## DATA SHOWN
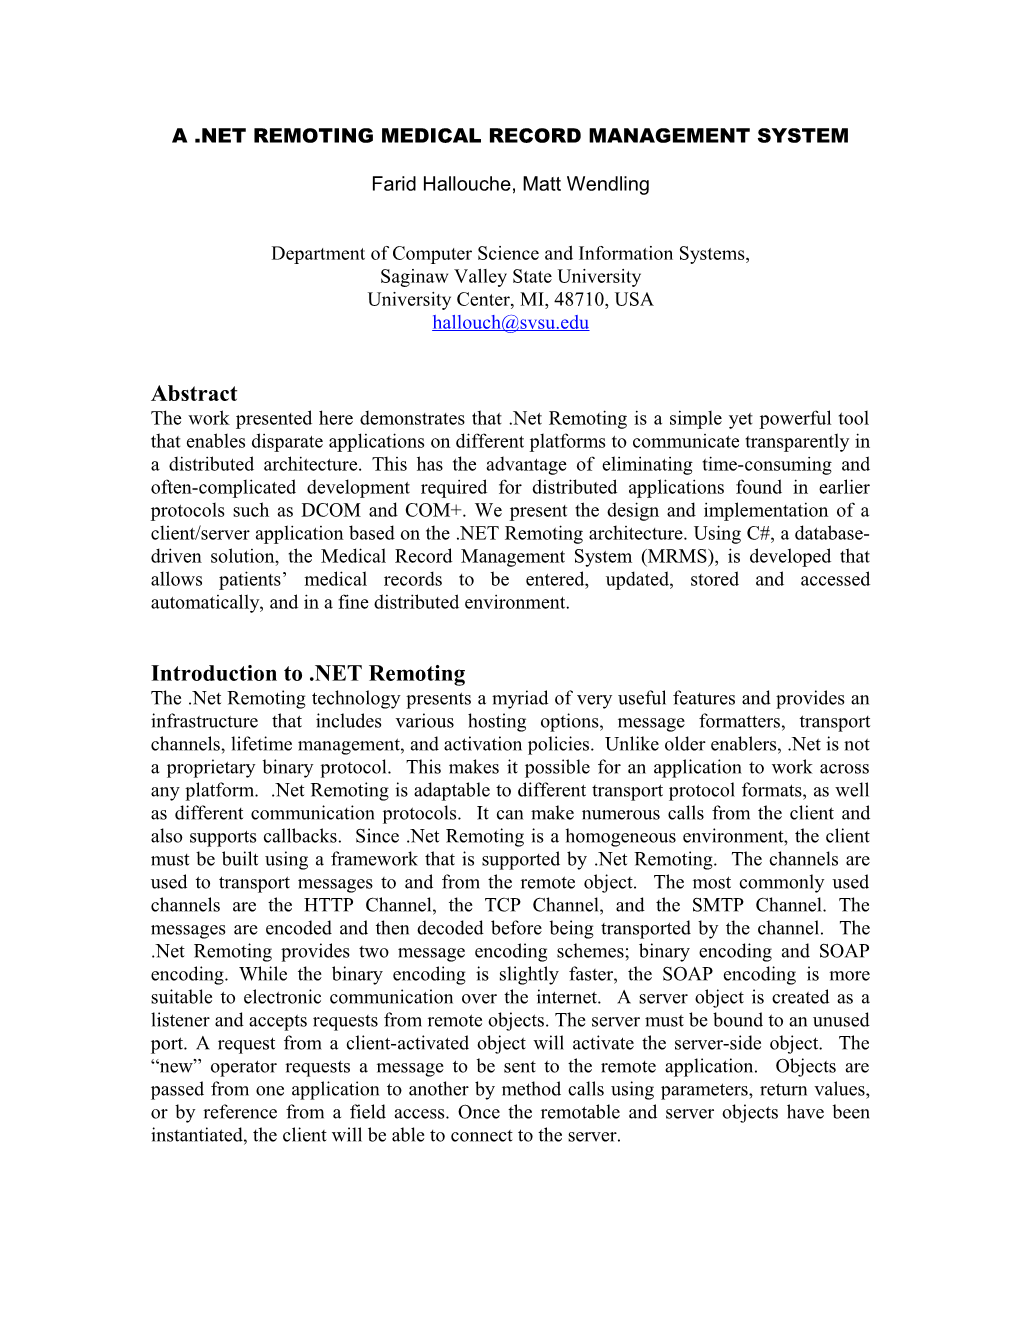 Design and Implementation of a Teaching and Research Computing Network Infrastructure
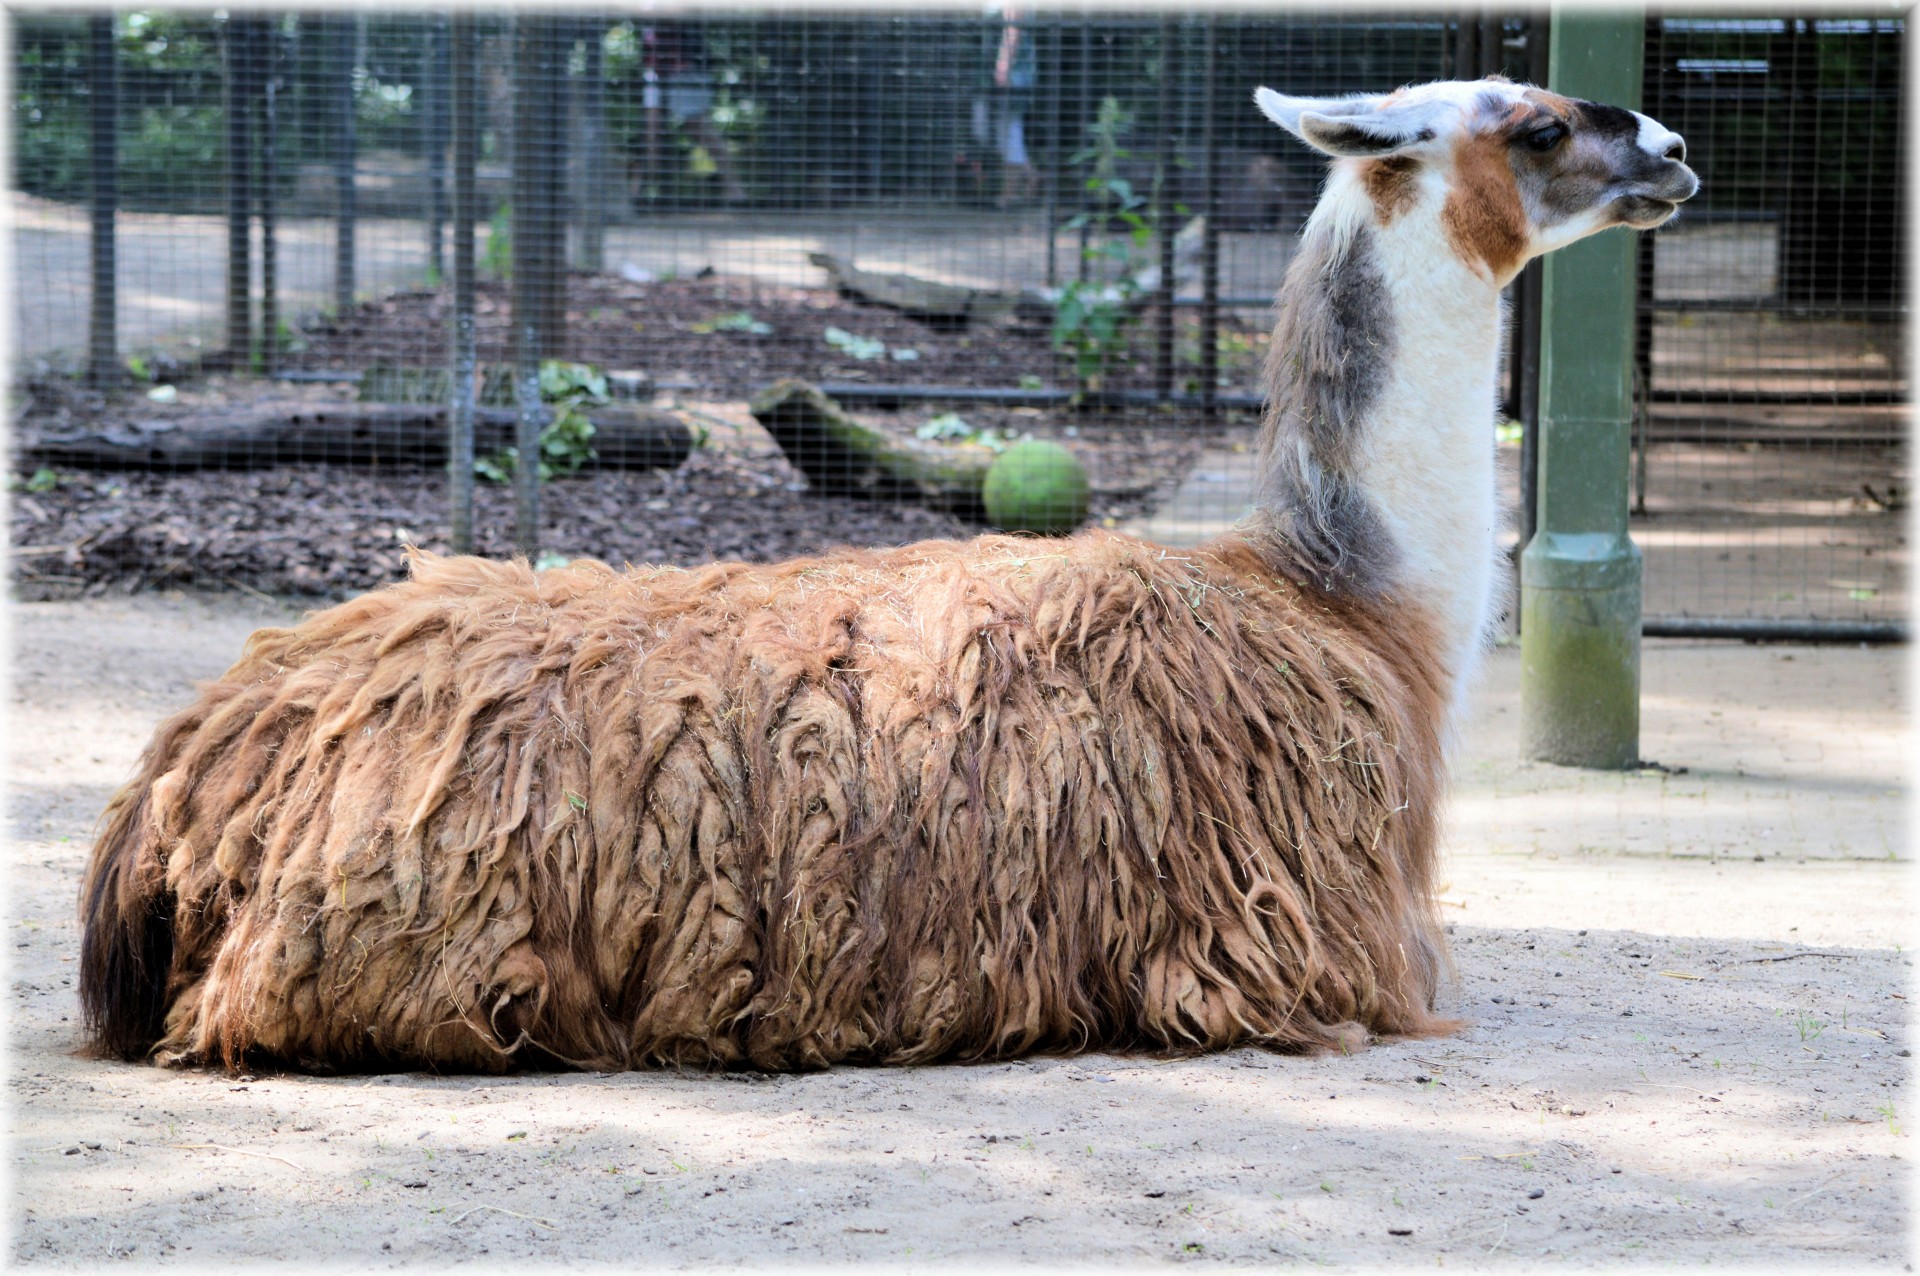 the-llama-05-free-stock-photo-public-domain-pictures
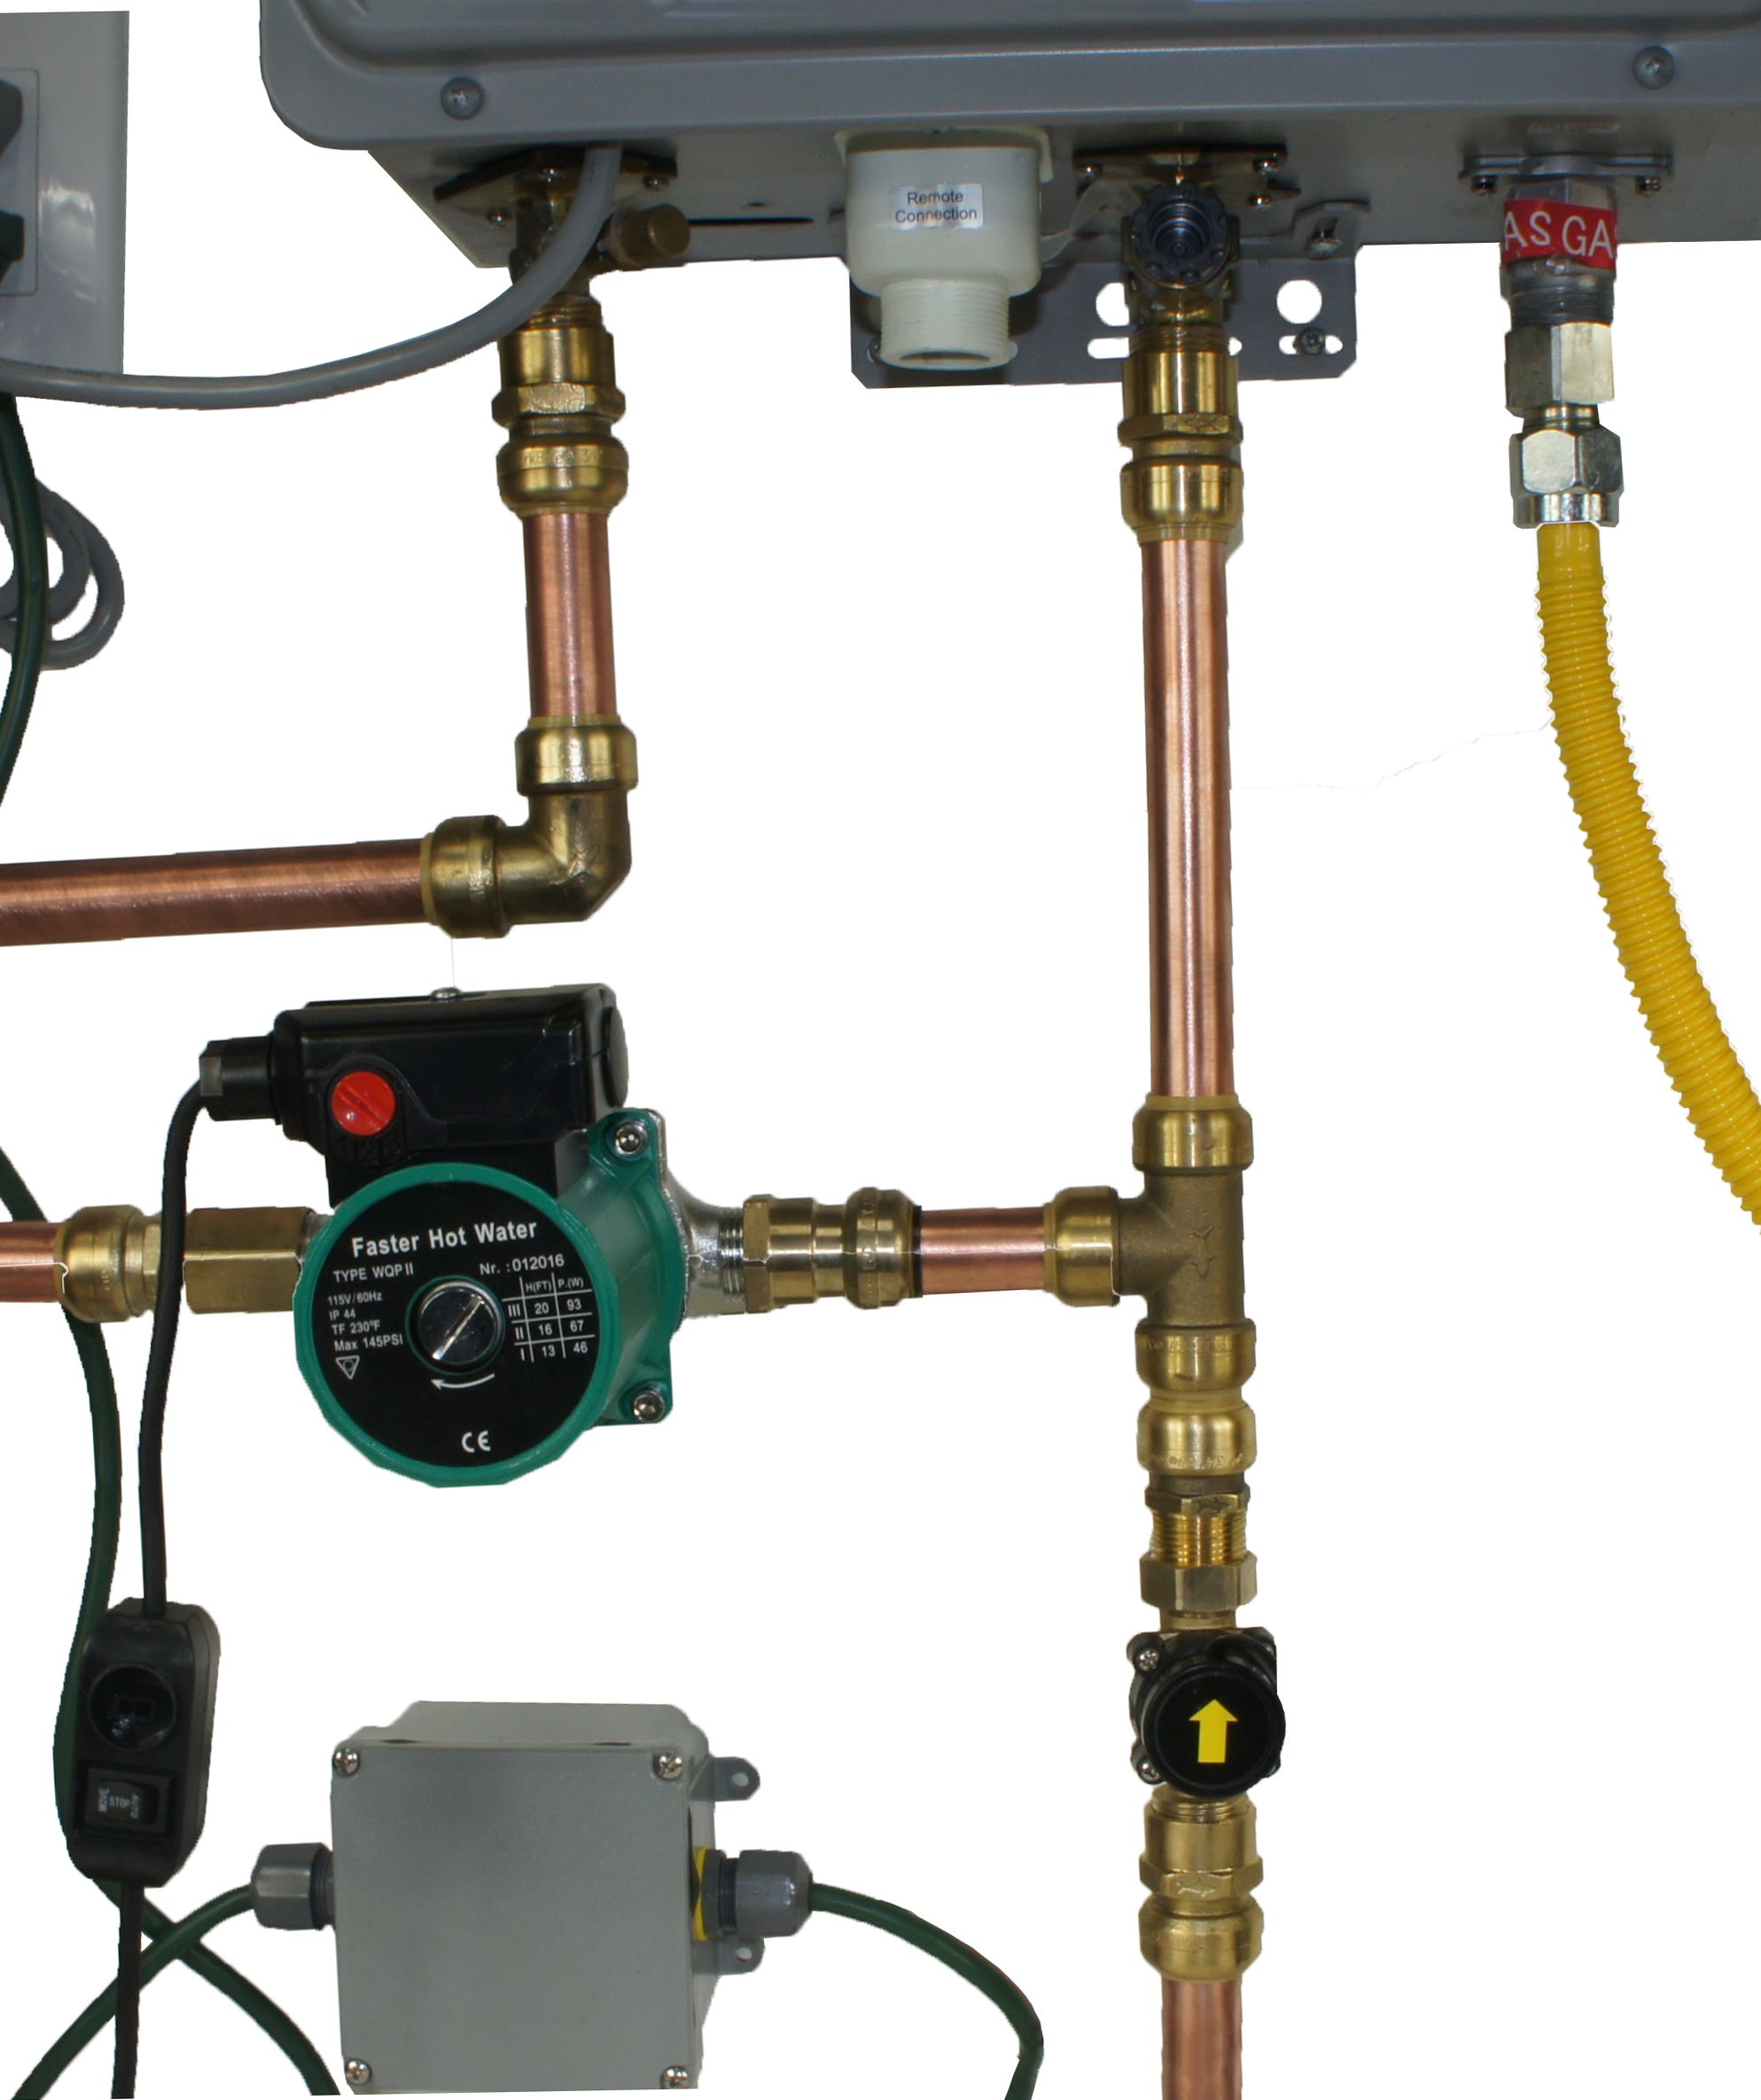 How To Install Recirculating Pump On Tankless Water Heater?

## WHAT TO WORK ON
Dropping every picture, restate the material word for word.

## TASK OUTPUT
 Design and Implementation of a Teaching and Research Computing Network Infrastructure
 the-llama-05-free-stock-photo-public-domain-pictures
 How To Install Recirculating Pump On Tankless Water Heater?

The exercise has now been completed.